Among the innumerable advantages to be derived from a knowledge of botany, however slight, may be mentioned the perpetual amusement which it affords in scenes which to others might be only productive of ennui; the impressions of pure natural religion which it awakens, and the lofty and ennobling sentiments by which they are invariably associated. Nor do we need for this purpose the garden's artificial embellishments, as the same sensations may be excited, even in a more striking degree, amid the most desolate scenes. Nature in every form is lovely still.
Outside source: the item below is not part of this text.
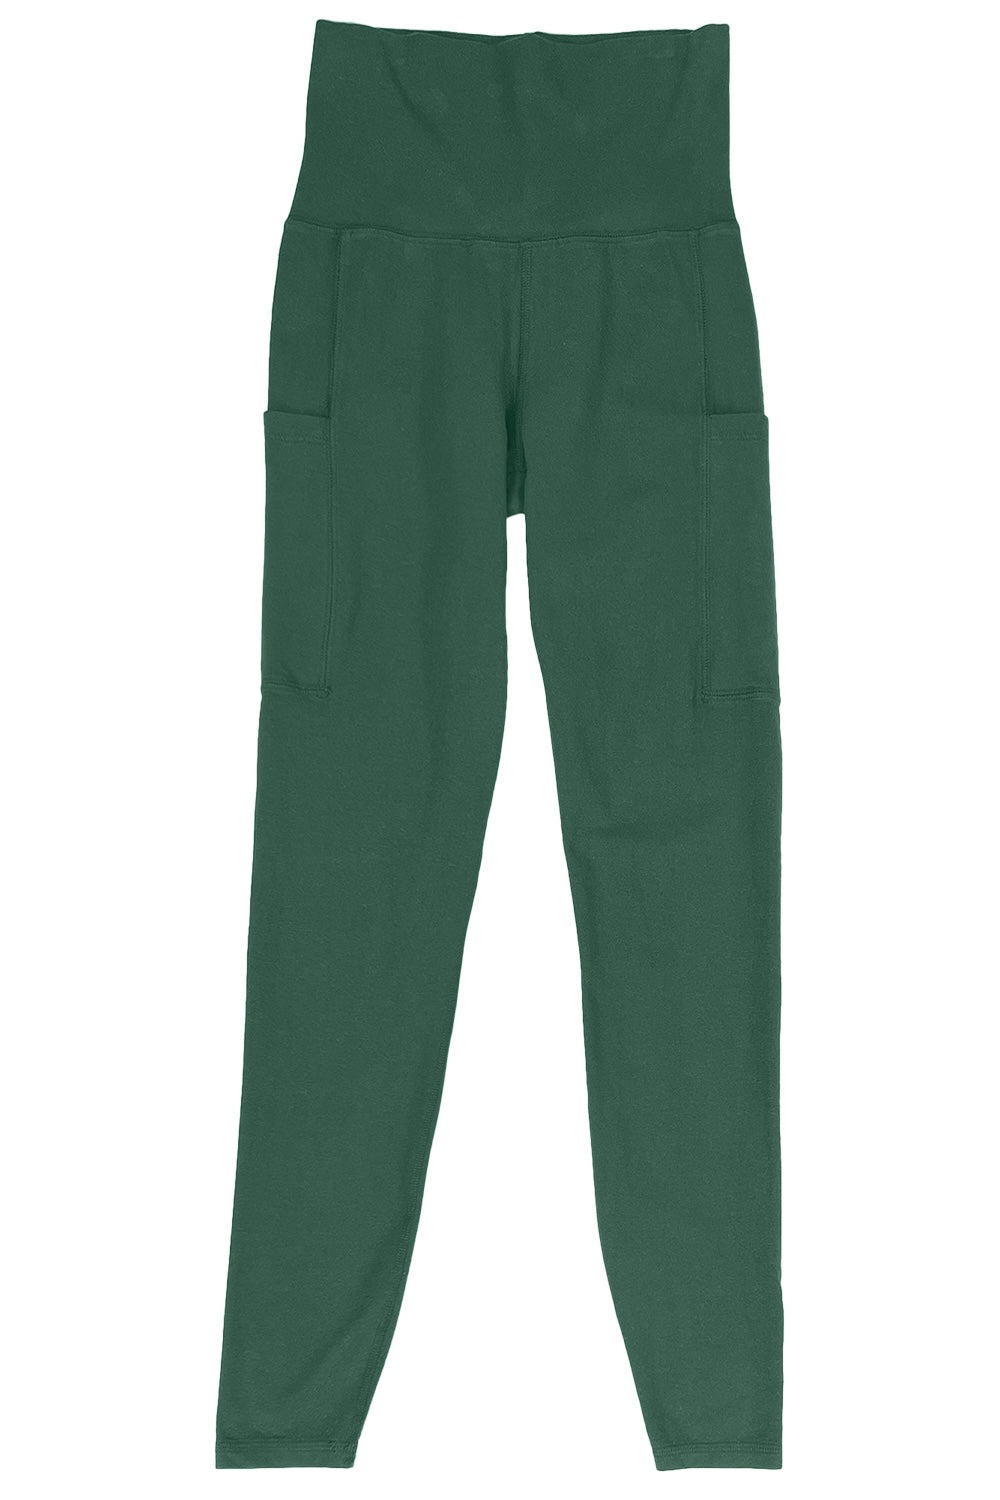 Orosi Pocket Leggings - Mid Rise | Jungmaven Hemp Clothing & Accessories / Color: Hunter Green
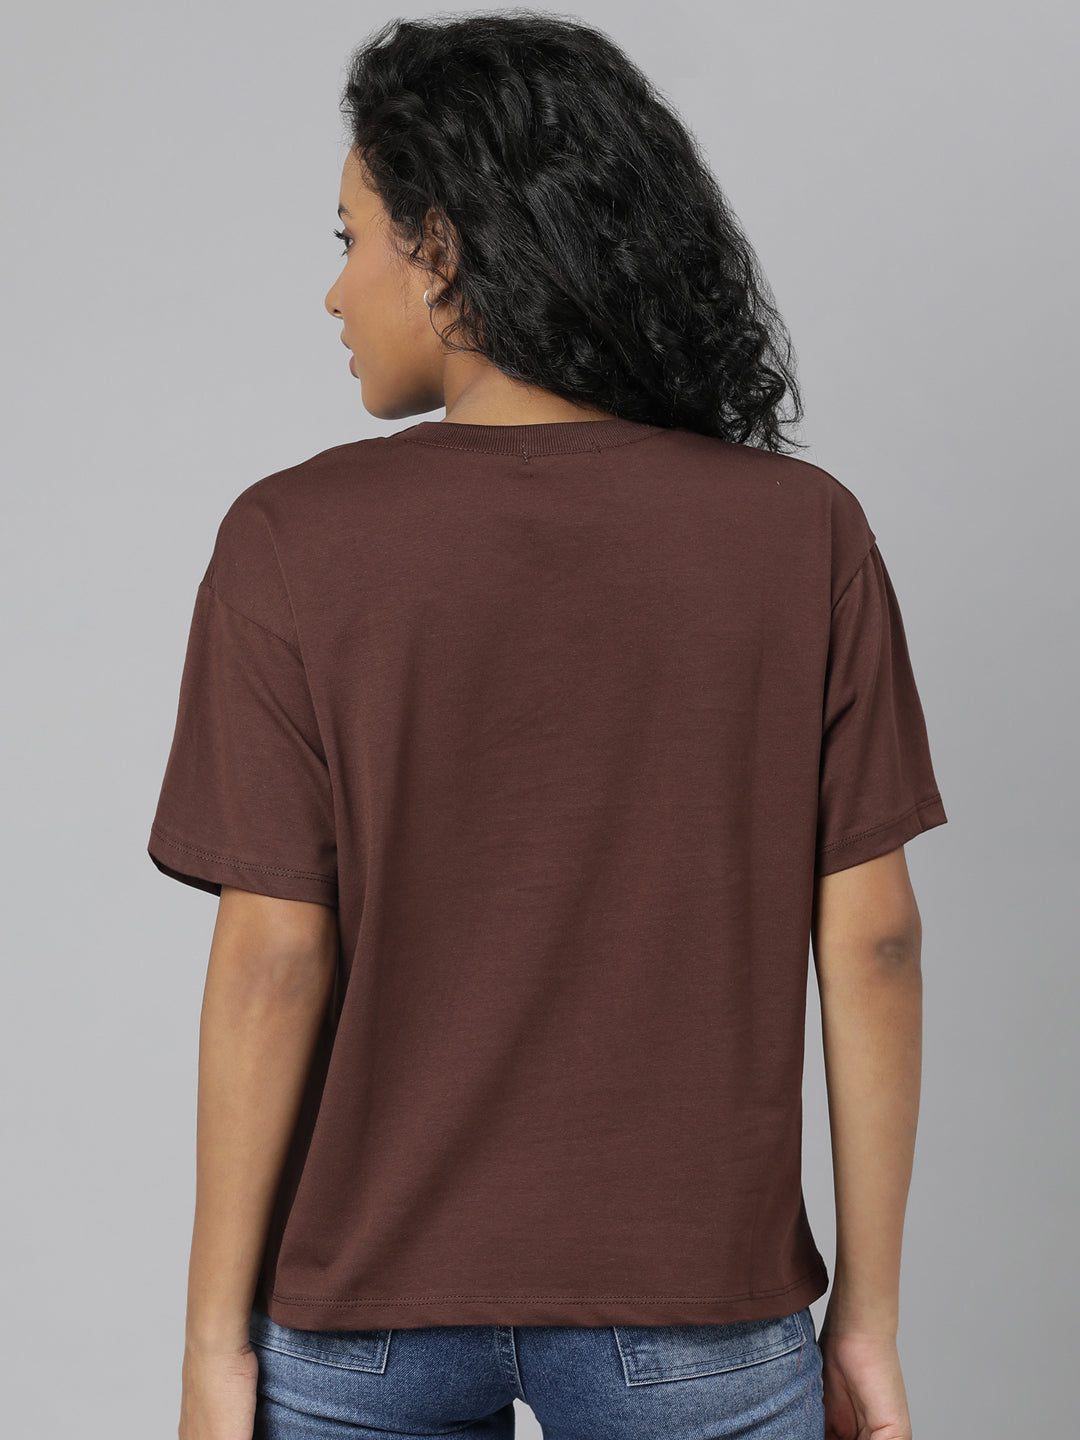 Women Solid Brown T Shirt

I can admire to ecstasy, although
I be not bower'd in a rustling grove,
Tracing through flowery tufts some twinkling rill,
Or perch'd upon a green and sunny hill,
Gazing upon the sylvanry below,

And harking to the warbling beaks above.—
To me the wilderness of thorns and brambles

Beneath whose weeds the muddy runnel scrambles-
The bald, burnt moor-the marsh's sedgy shallows,
Where docks, bullrushes, waterflags, and mallows,
Choke the rank waste, alike can yield delight.
A blade of silver hair-grass nodding slowly
In the soft wind,-the thistle's purple crown,
The ferns, the rushes tall, and mosses lowly,

A thorn, a weed, an insect, or a stone,
Can thrill me with sensations exquisite,-
For all are exquisite, and every part
Points to the mighty hand that fashion'd it.
Then as I look aloft with yearning heart,

The trees and mountains, like conductors, raise

My spirit upward on its flight sublime;

And clouds, and sun, and heaven's marmorean floor,
Are but the stepping-stones by which I climb

Up to the dread Invisible, to pour

My grateful feelings out in silent praise.

When the soul shakes her wings, how soon we fly
From earth to th' empyrean heights, and tie
The Thunderer to the tendril of a weed.

ADDRESS TO THE MUMMY AT BELZONI'S
EXHIBITION.

AND thou hast walk'd about (how strange a story!)
In Thebes's streets three thousand years ago,
When the Memnonium was in all its glory,
And Time had not begun to overthrow
Those temples, palaces, and piles stupendous,
Of which the very ruins are tremendous.

Speak! for thou long enough hast acted Dummy,
Thou hast a tongue-come-let us hear its tune;
Thou 'rt standing on thy legs, above-ground, Mummy!
Revisiting the glimpses of the moon,

Not like thin ghosts or disembodied creatures,
But with thy bones and flesh, and limbs and features.

Tell us-
-for doubtless thou canst recollect,

To whom should we assign the Sphinx's fame?

Was Cheops or Cephrenes architect

Of either Pyramid that bears his name?